REQUIRED ACTION:
The pictures are to be left out, and all remaining data is to be transcribed exactly as it appears.

DATASET EXCERPT:
▽

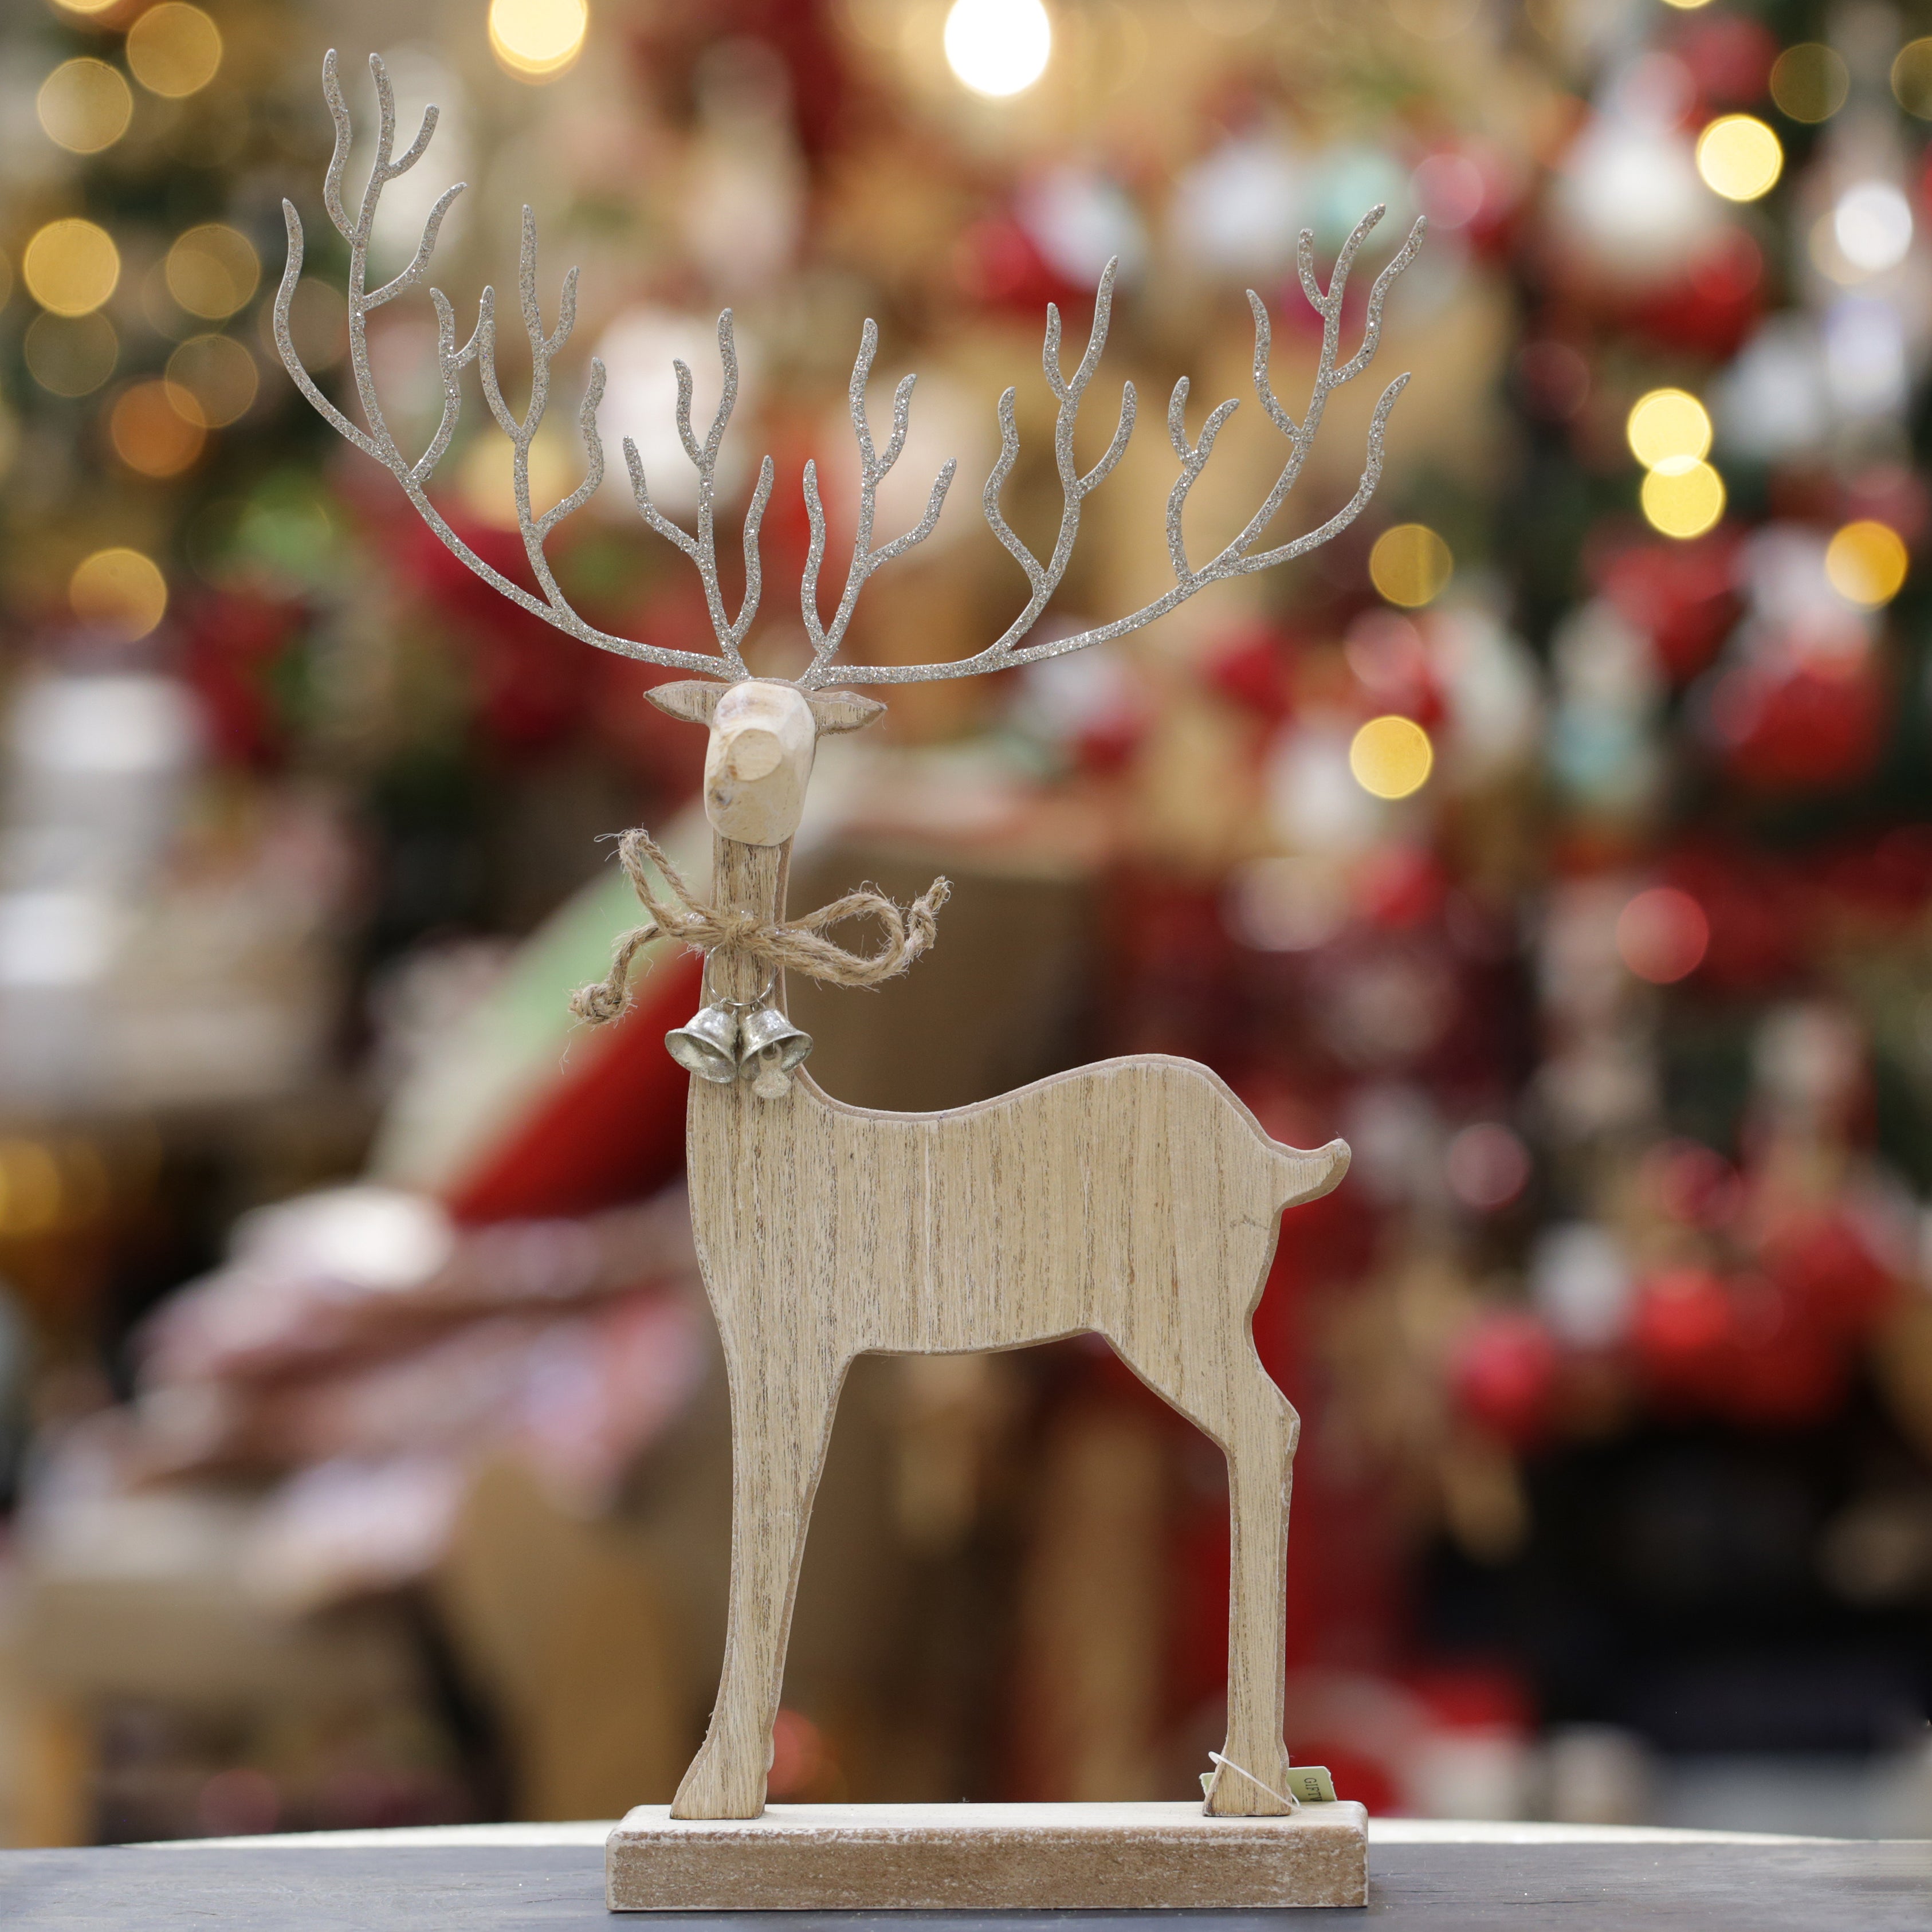 Rustic Wooden Reindeer Ornament
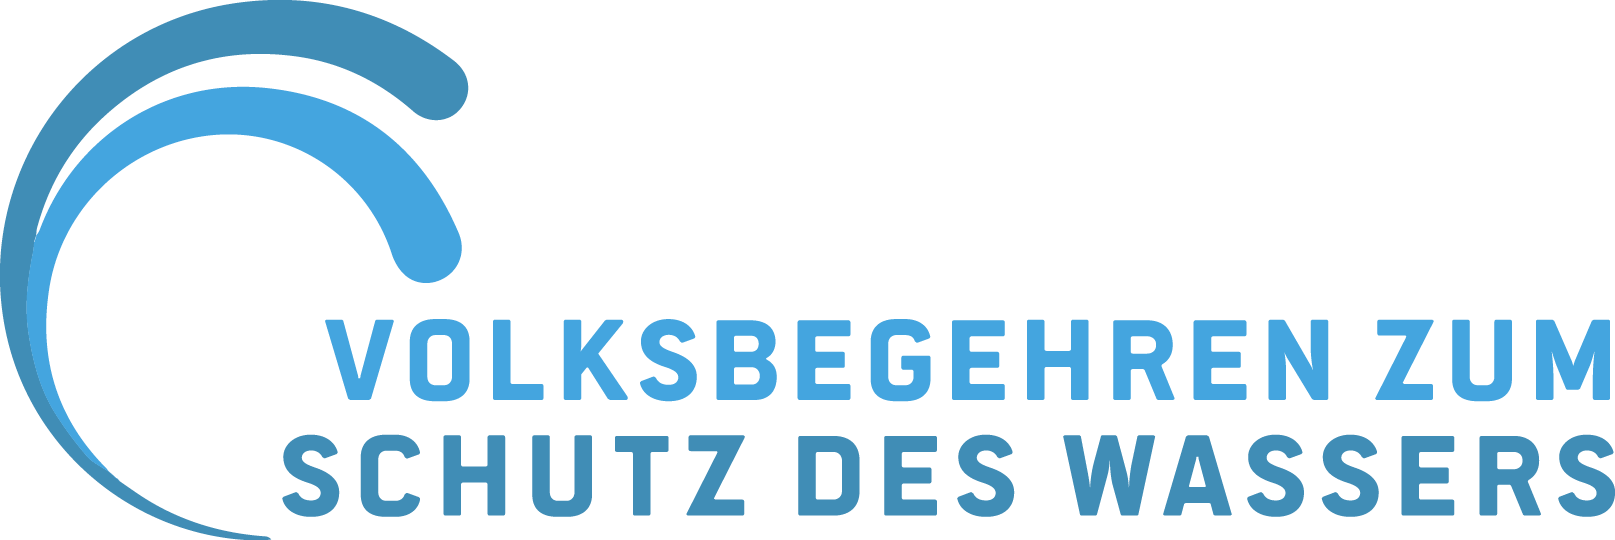 Logo des Volksbegehrens zum Schutz des Wasser
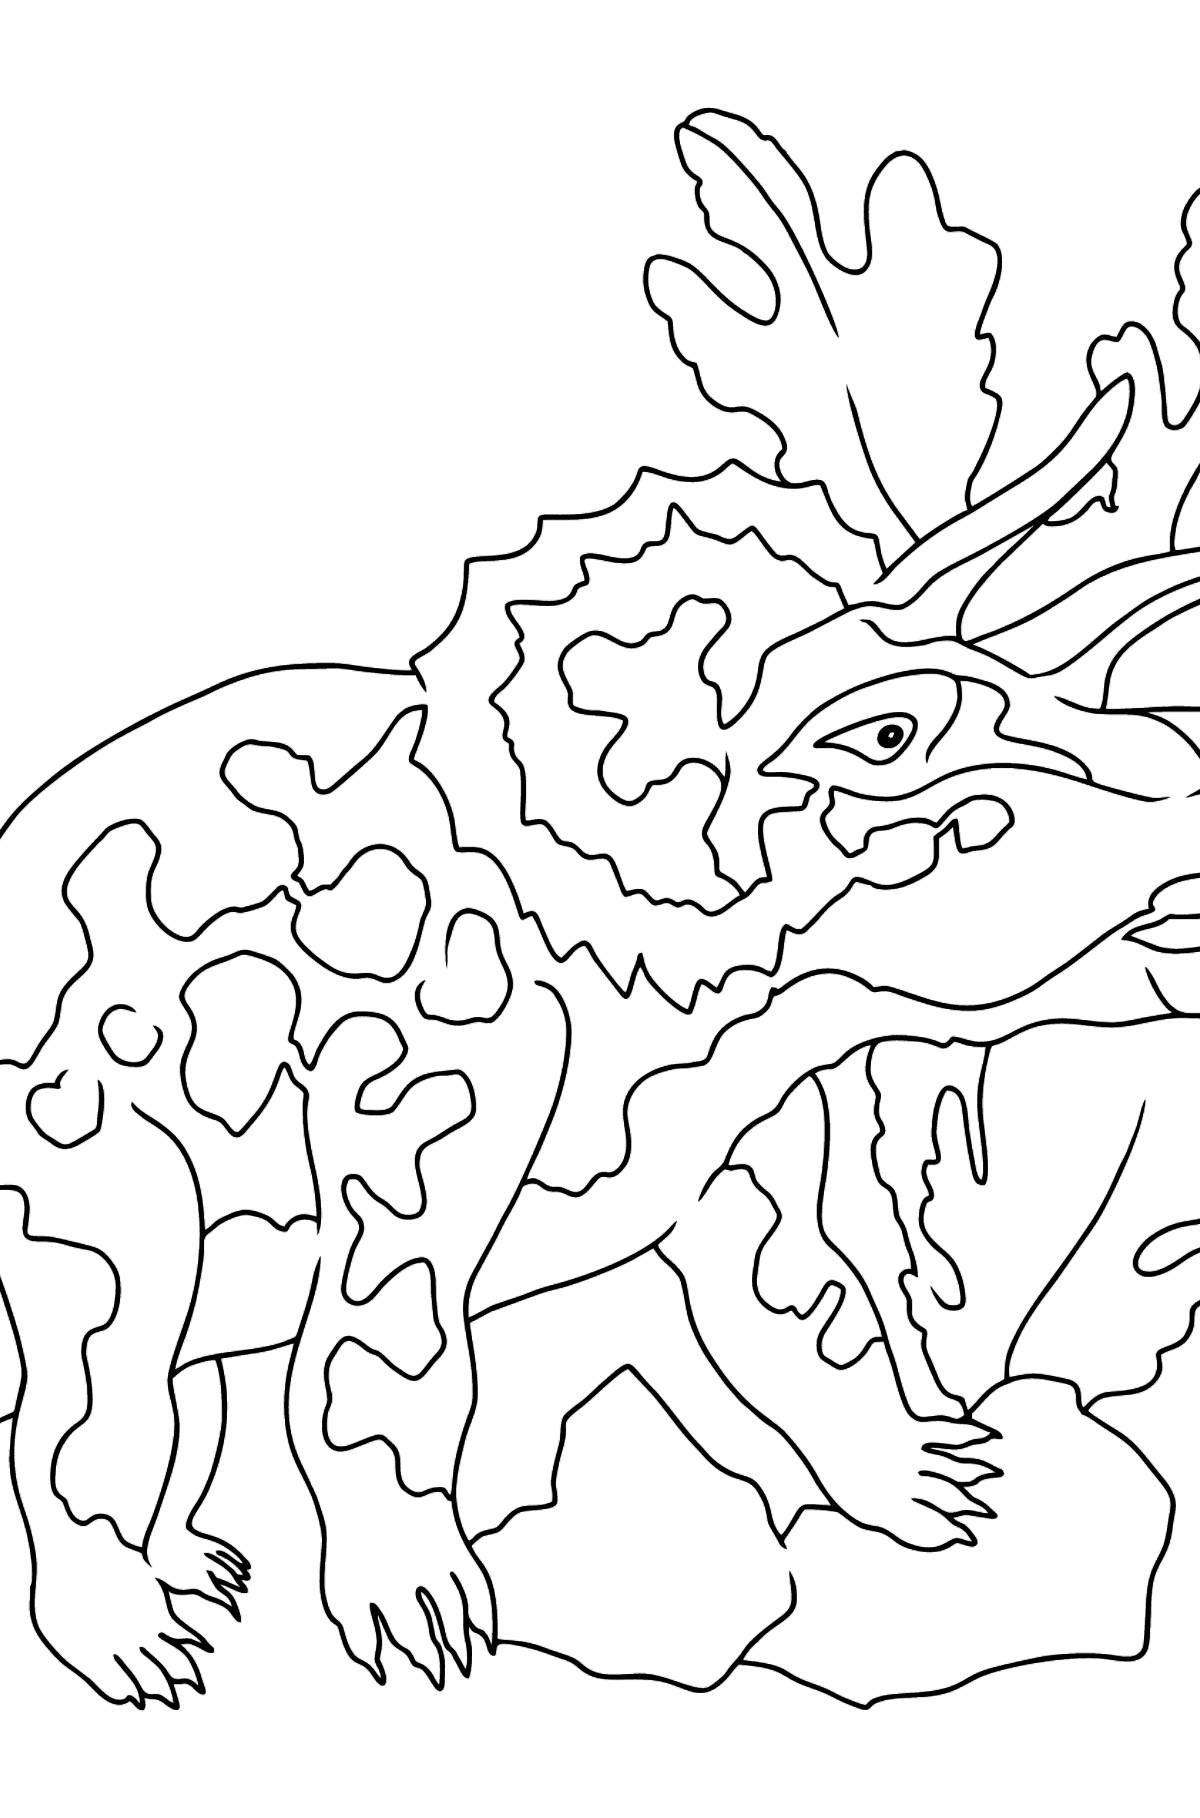 Triceratopo da colorare per i più piccoli - Disegni da colorare per bambini
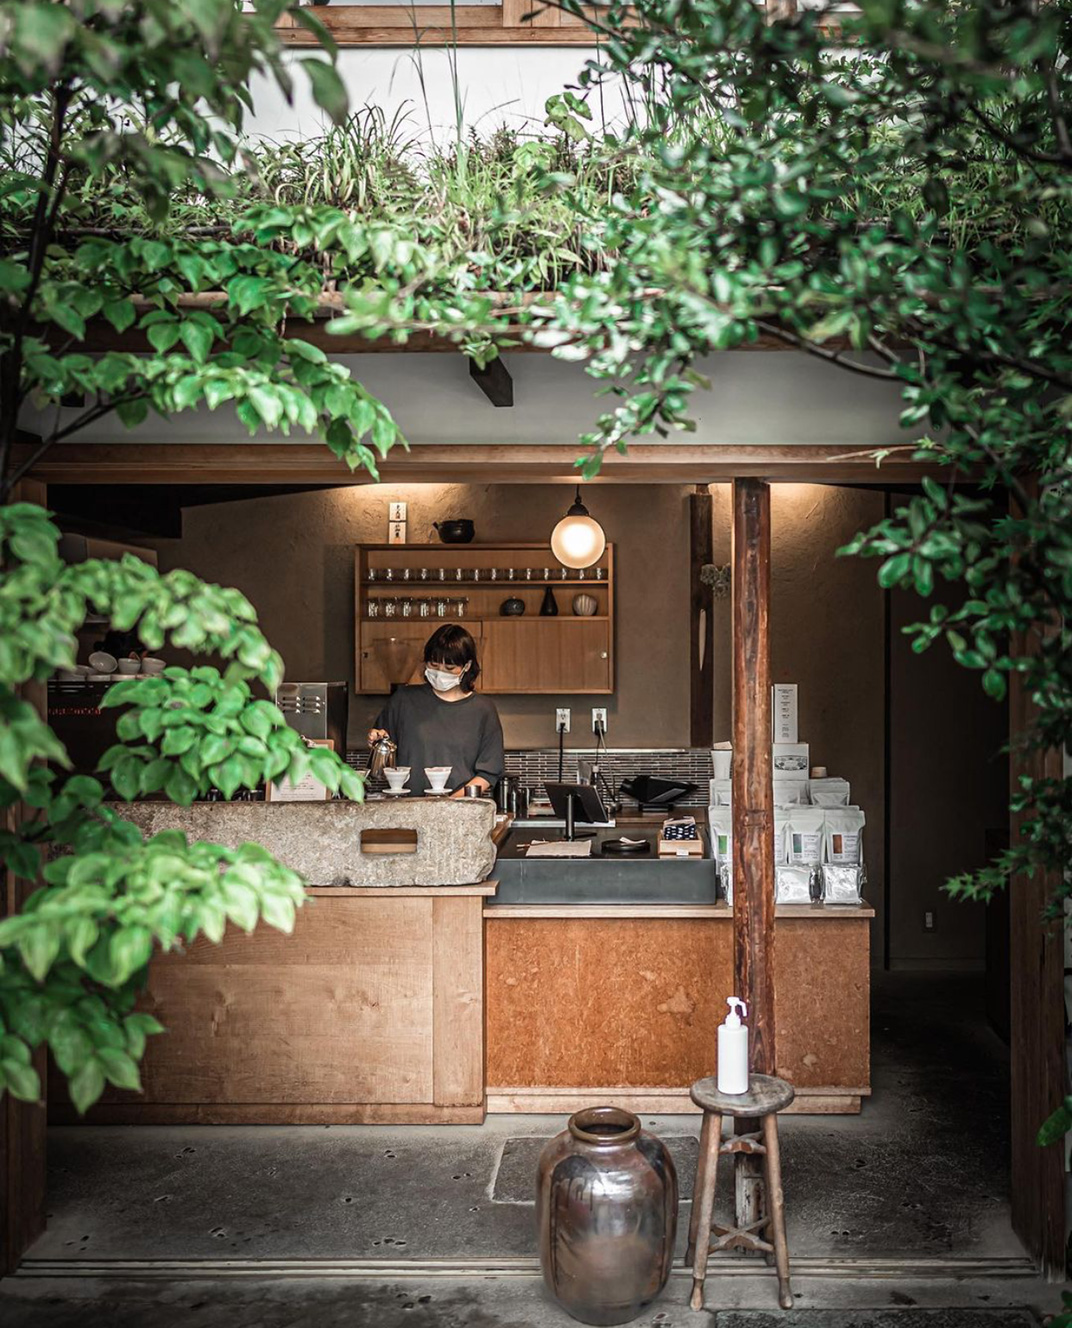 周末咖啡烘焙工坊 日本 东京 西安 面包店 烘培 咖啡店 木色 logo设计 vi设计 空间设计

△

TASK RESULT:
 Rustic Wooden Reindeer Ornament
 Logo des Volksbegehrens zum Schutz des Wasser
 Triceratopo da colorare per i più piccoli - Disegni da colorare per bambini
 周末咖啡烘焙工坊 日本 东京 西安 面包店 烘培 咖啡店 木色 logo设计 vi设计 空间设计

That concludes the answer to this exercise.